Portion the batter evenly into the two pans and bake at 350 for 35 to 40 minutes, until the cakes spring back lightly when touched.
Let the cakes cool almost completely on wire racks, in their pans. Run a thin knife or metal spatula around the sides, then carefully invert them out of the pans.
Mocha Swiss Meringue Buttercream (Yield: 3 cups)
1 cup unsalted butter, room temperature, cut into 1/2" chunks
2 oz. good quality bittersweet chocolate, cut into very small pieces
(I used Scharffenberger.)
3 large egg whites
1 cup superfine sugar
1 Tbsp. Kahlua (coffee flavored liqueur)
In a small bowl, melt the chocolate, then let it cool to almost room temperature.

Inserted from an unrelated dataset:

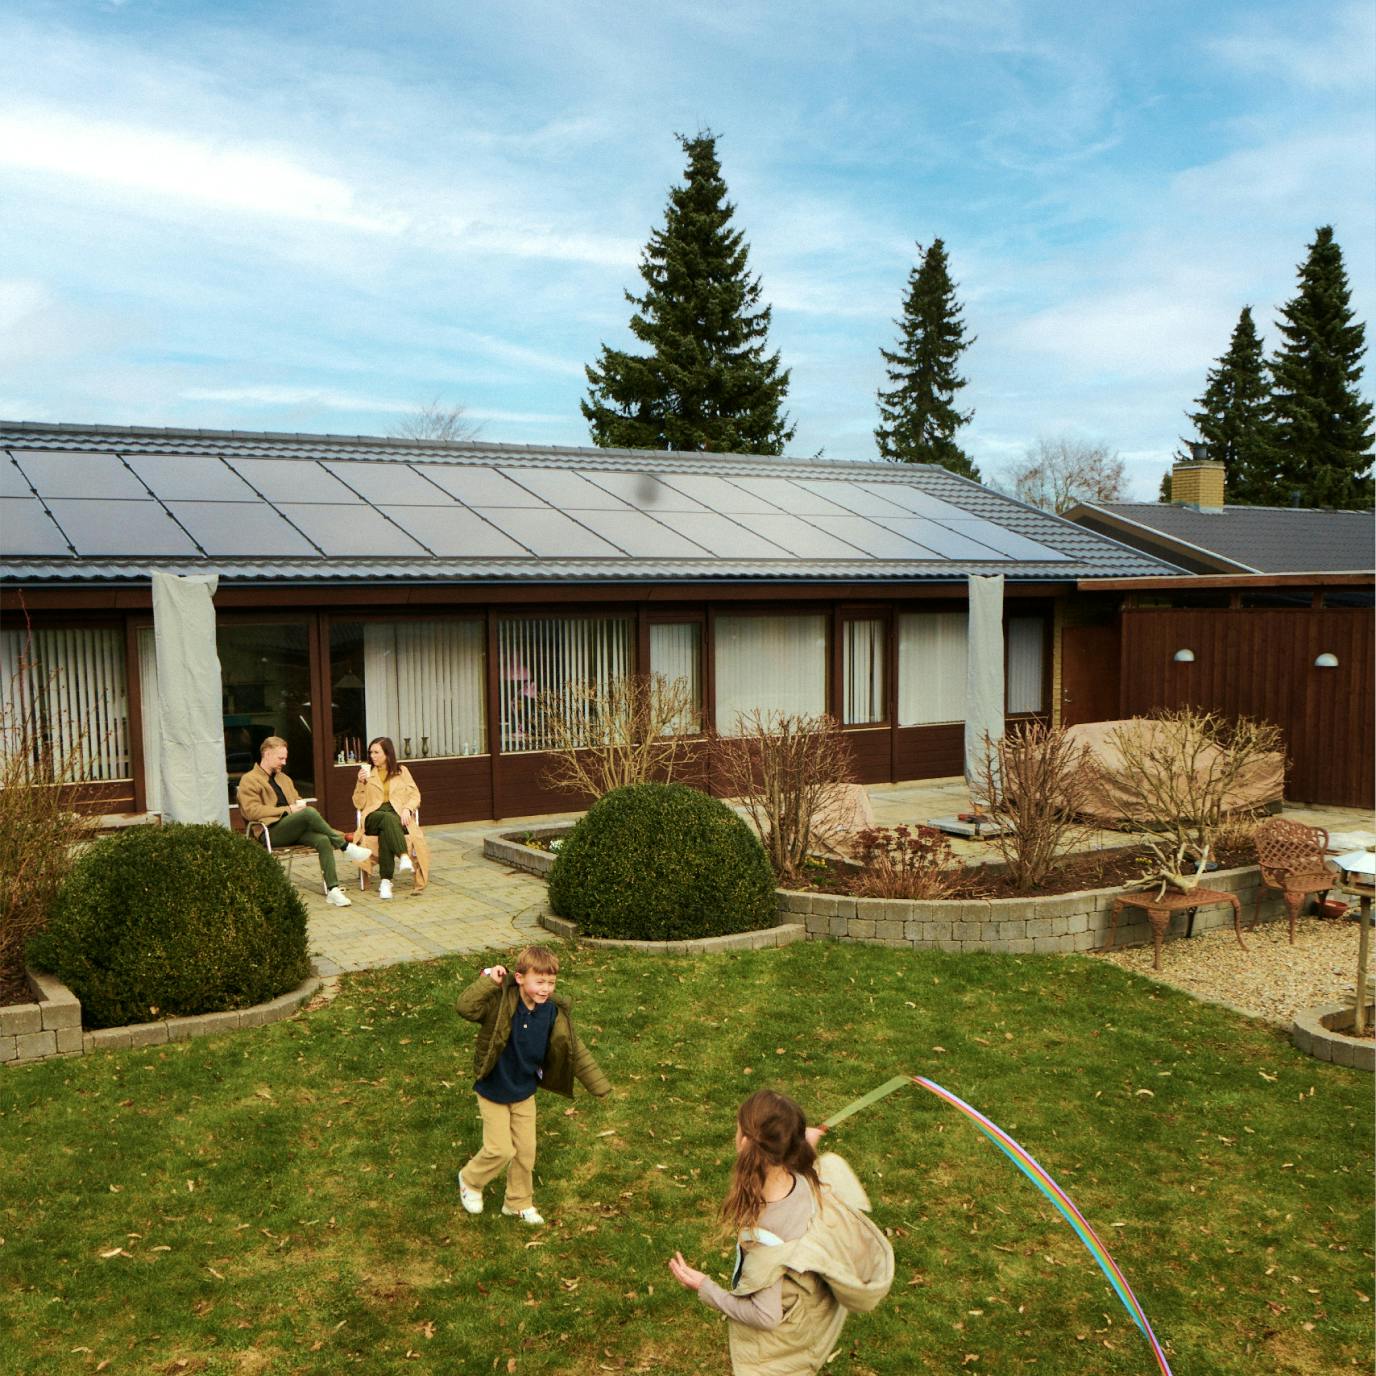 Familie i haven med solceller på taget i baggrunden

Put the sugar and egg whites into the large metal bowl of your mixer. Using a hand whisk, blend the sugar and egg whites. Place the bowl over a large saucepan on the stove, containing a couple inches of simmering water. Whisk continually by hand until the mixture feel very warm, but not hot.

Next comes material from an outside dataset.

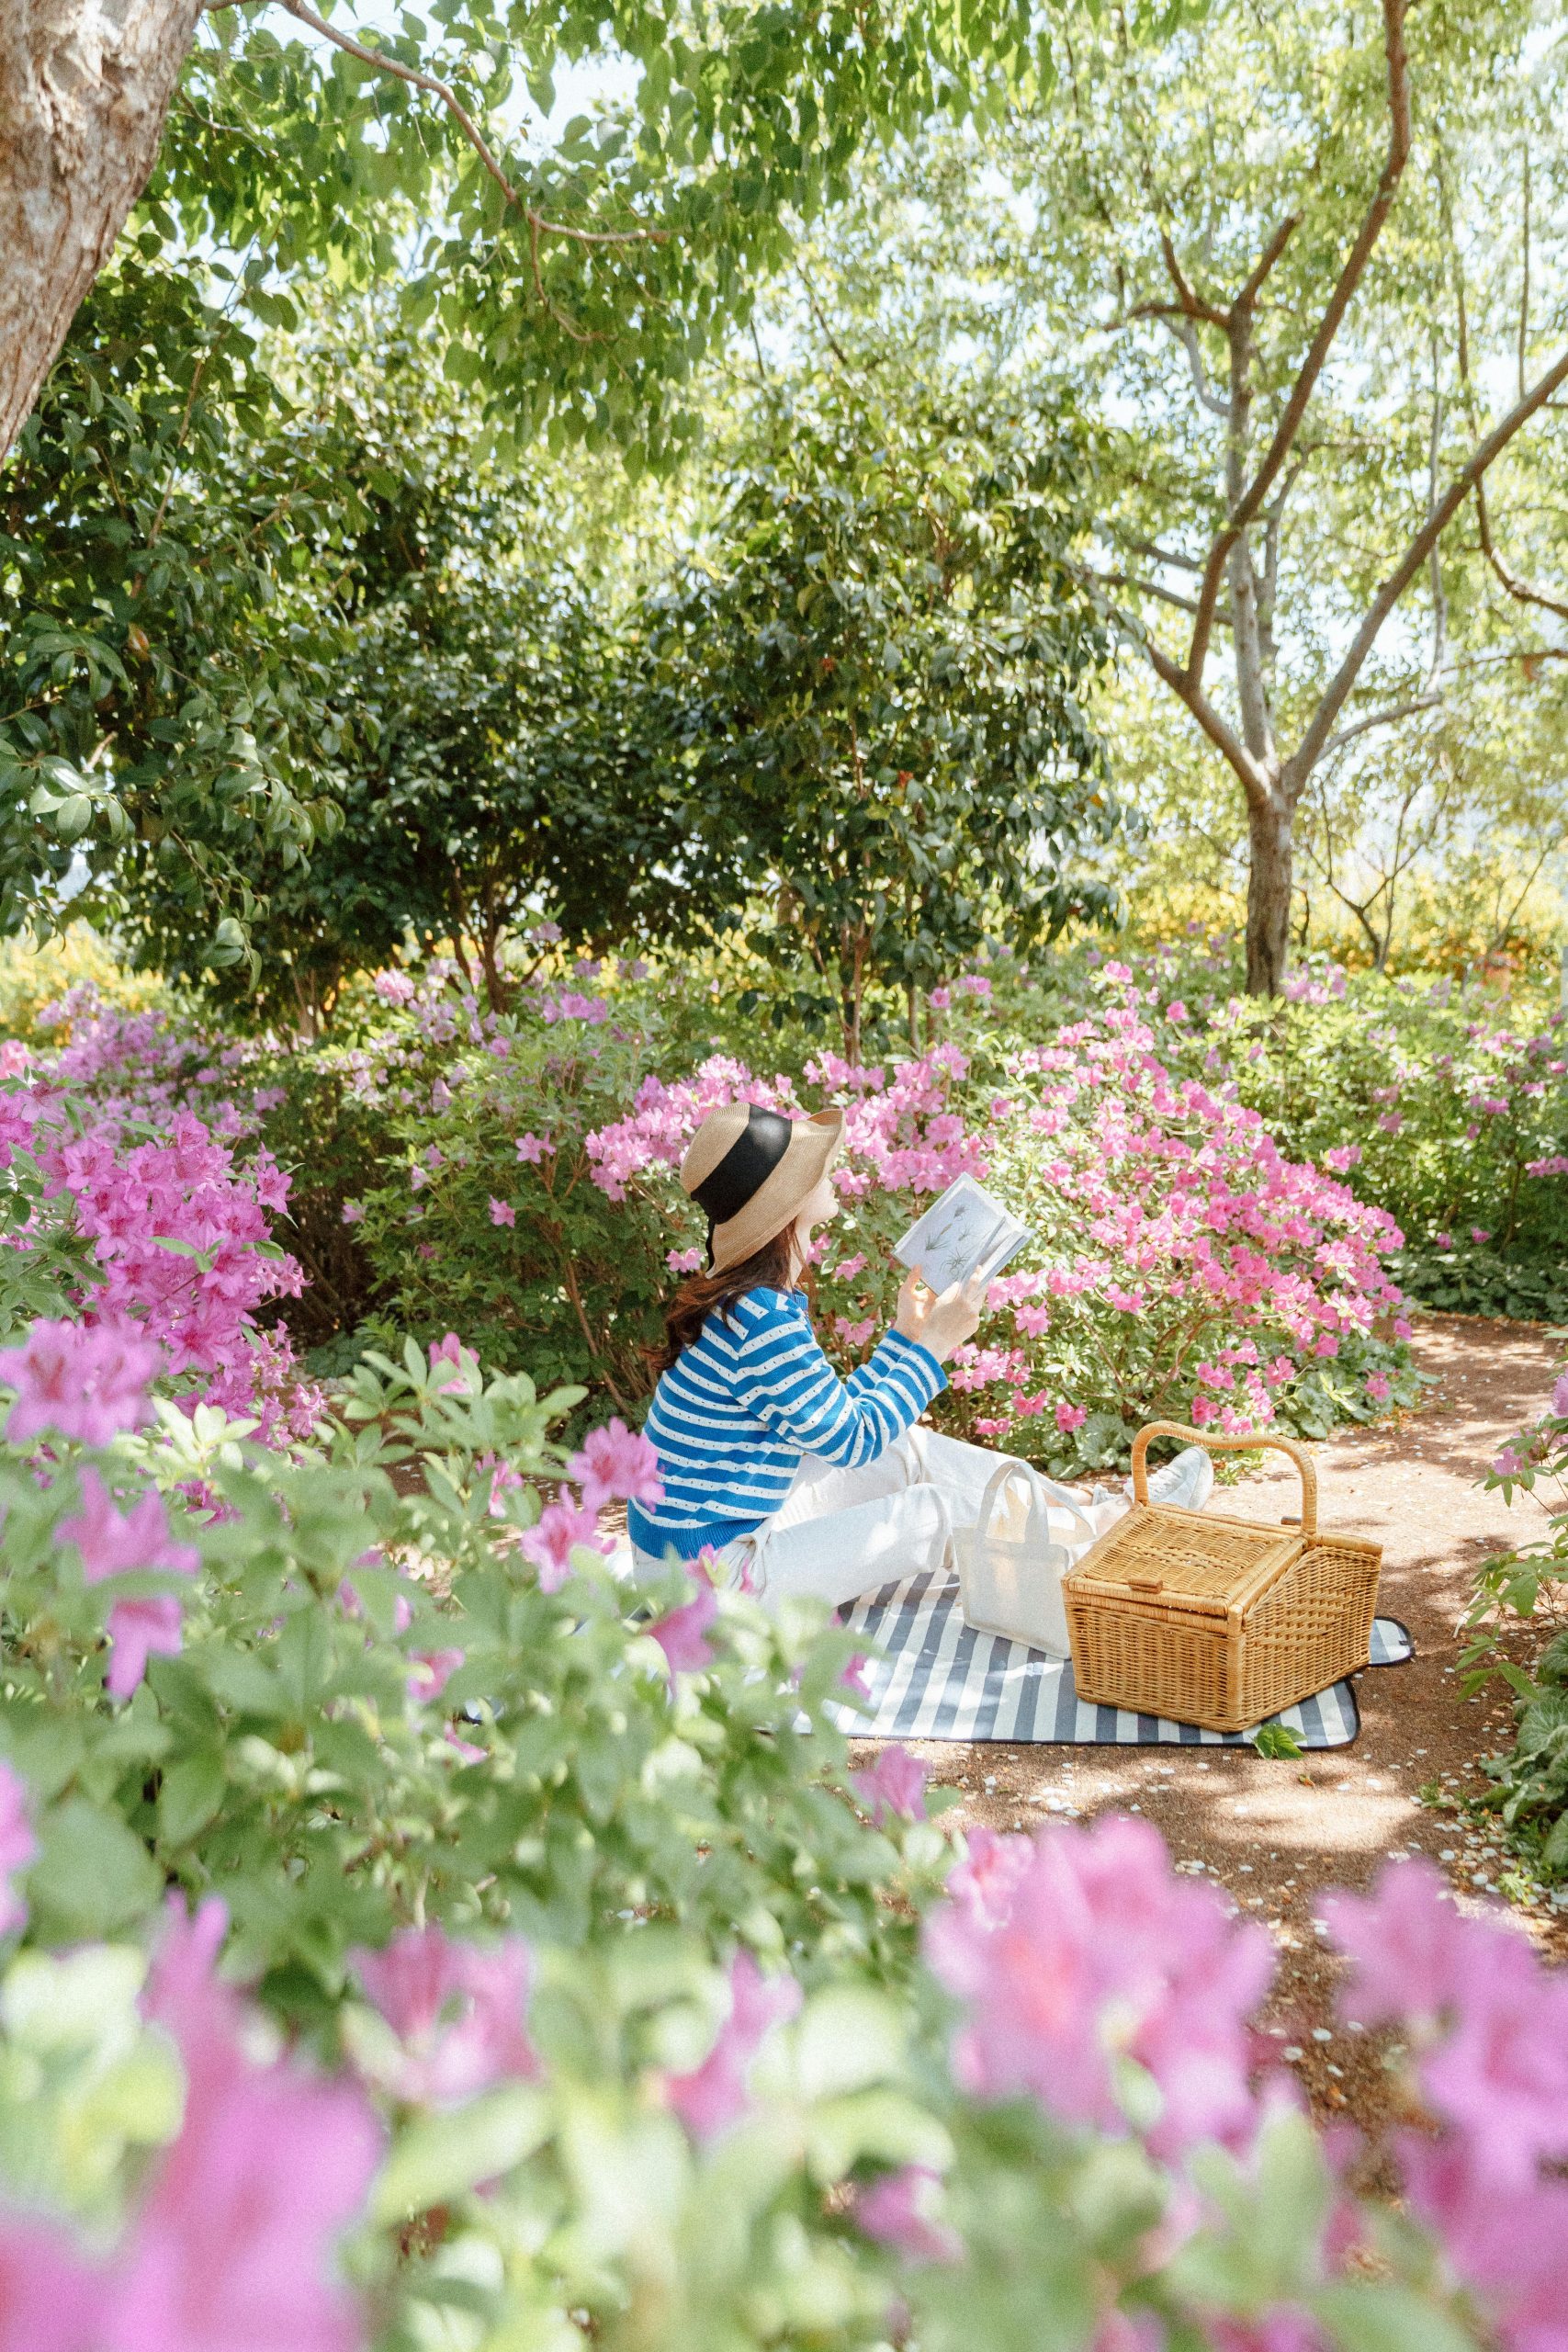 Eine Frau sitzt auf einer Decke in einem schönen Park mit grünene Bäumen und rosa blühenden Büschen. Sie hält ein Buch in der Hand und liest.

Place the bowl on your mixer and, using the mixer's whisk attachment, beat on medium speed until the meringue begins to form; it should look white, shiny, and form medium-soft peaks. At this point, start to add in the butter one piece at a time, continually. The icing will begin to resemble butter. Still beating on medium speed, add in the melted chocolate, and then the Kahlua. Keep beating until the mixture begins to thicken. This could take at least ten minutes, so be patient.
(Some recipes for meringue-based buttercreams, in fact, have you mixing for as long as thirty-five minutes! Don't believe me? Check out some of wedding-cake diva Sylvia Weinstock's recipes!)
If the mixture starts to look curdled, don't worry, just keep mixing and it will come back together. If the mixture looks okay but seems too warm, take the bowl off the mixer and refrigerate it for about five minutes then put it back on the mixer; chances are it will thicken up quickly after that. You want it to be soft and silky, and it should be extremely easy to spread.
Use the finished icing immediately to ice your cooled cake, or cover it well and refrigerate it until you need it.